5.2.3 Shareholders’ Meeting” of this Prospectus.

ENERMAS LATINOAMÉRICA will have, among others, the following obligations and powers in relation to Promoted Projects Management, being the following:

I. To have legal capacity to perform Transactions with Related Parties of the Company, its

Subsidiaries and any Shareholder thereof.

II. To have the legal capacity to exercise the powers conferred in Convertible Participative

Private Equity Investment Agreement as Debt Instrument terms, having the broadest powers to represent Shareholders Series “B” interests, in any matter related to Management or exercise of the corporate and economic rights derived from Investments in Promoted

Projects.

III. To have legal capacity to exercise all the necessary powers to manage the Investments performed by Private Capital Investment Fund as a Debt Instrument.

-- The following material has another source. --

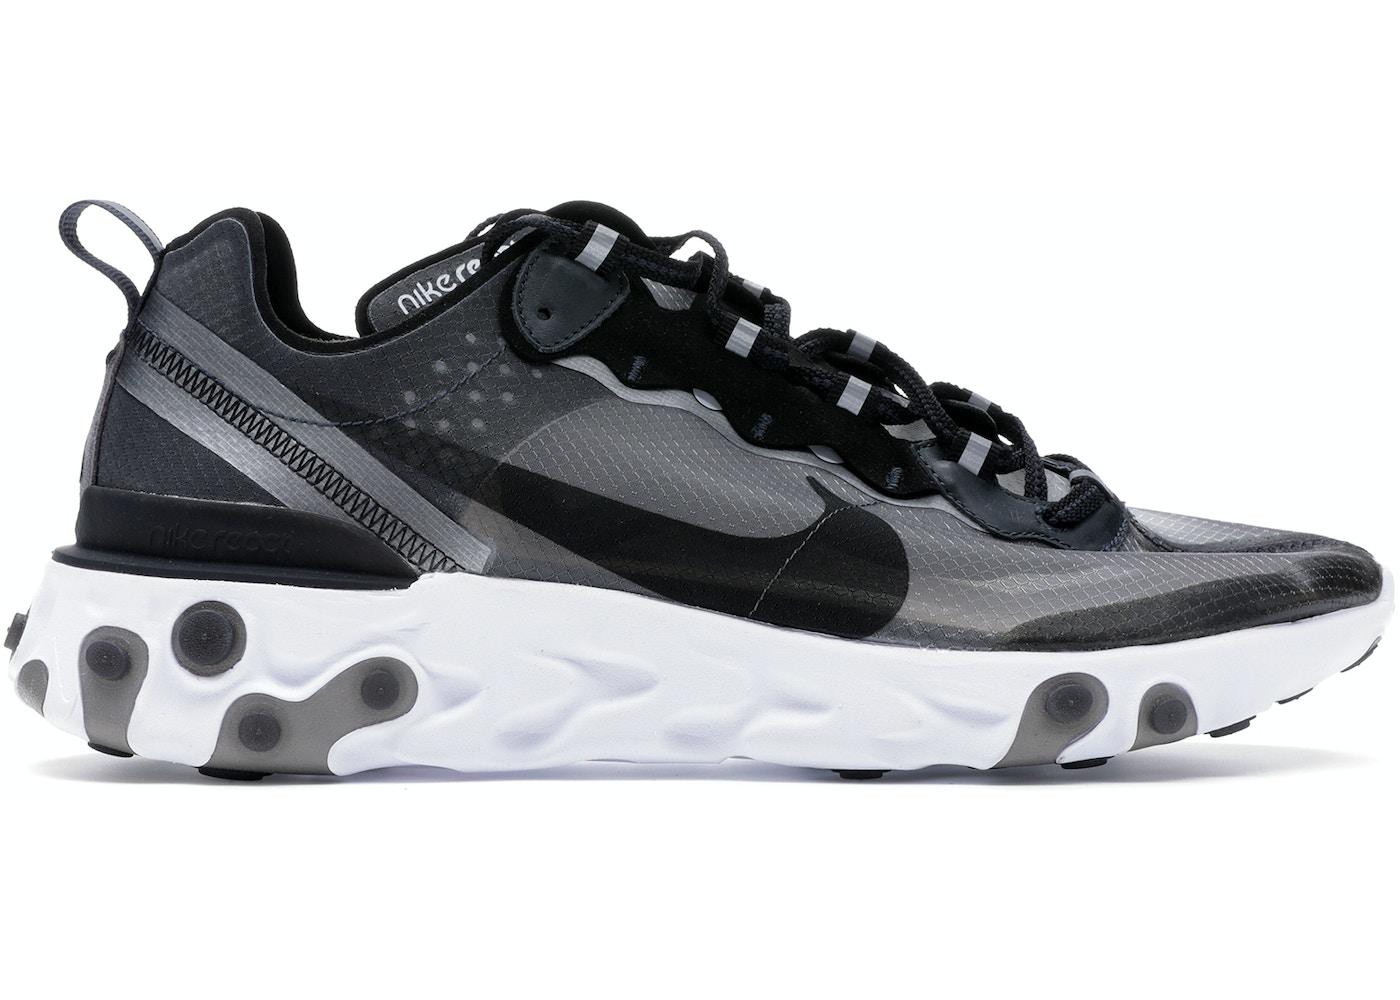 57a9c5ac65b7c Nike React Element 87 Anthracite Black

ENERMAS LATINOAMÉRICA in the exercise of the functions in the terms of the Convertible Participative Private Equity Investment Agreement as Debt Instrument and other Documents of the Transaction, must act in good faith and in Private Equity Investment Fund as a Debt Instrument best interest and for Shareholders Series “B” benefit, applying the same level of care and prudence that any careful and prudent person would use with respect to Fund´s Business.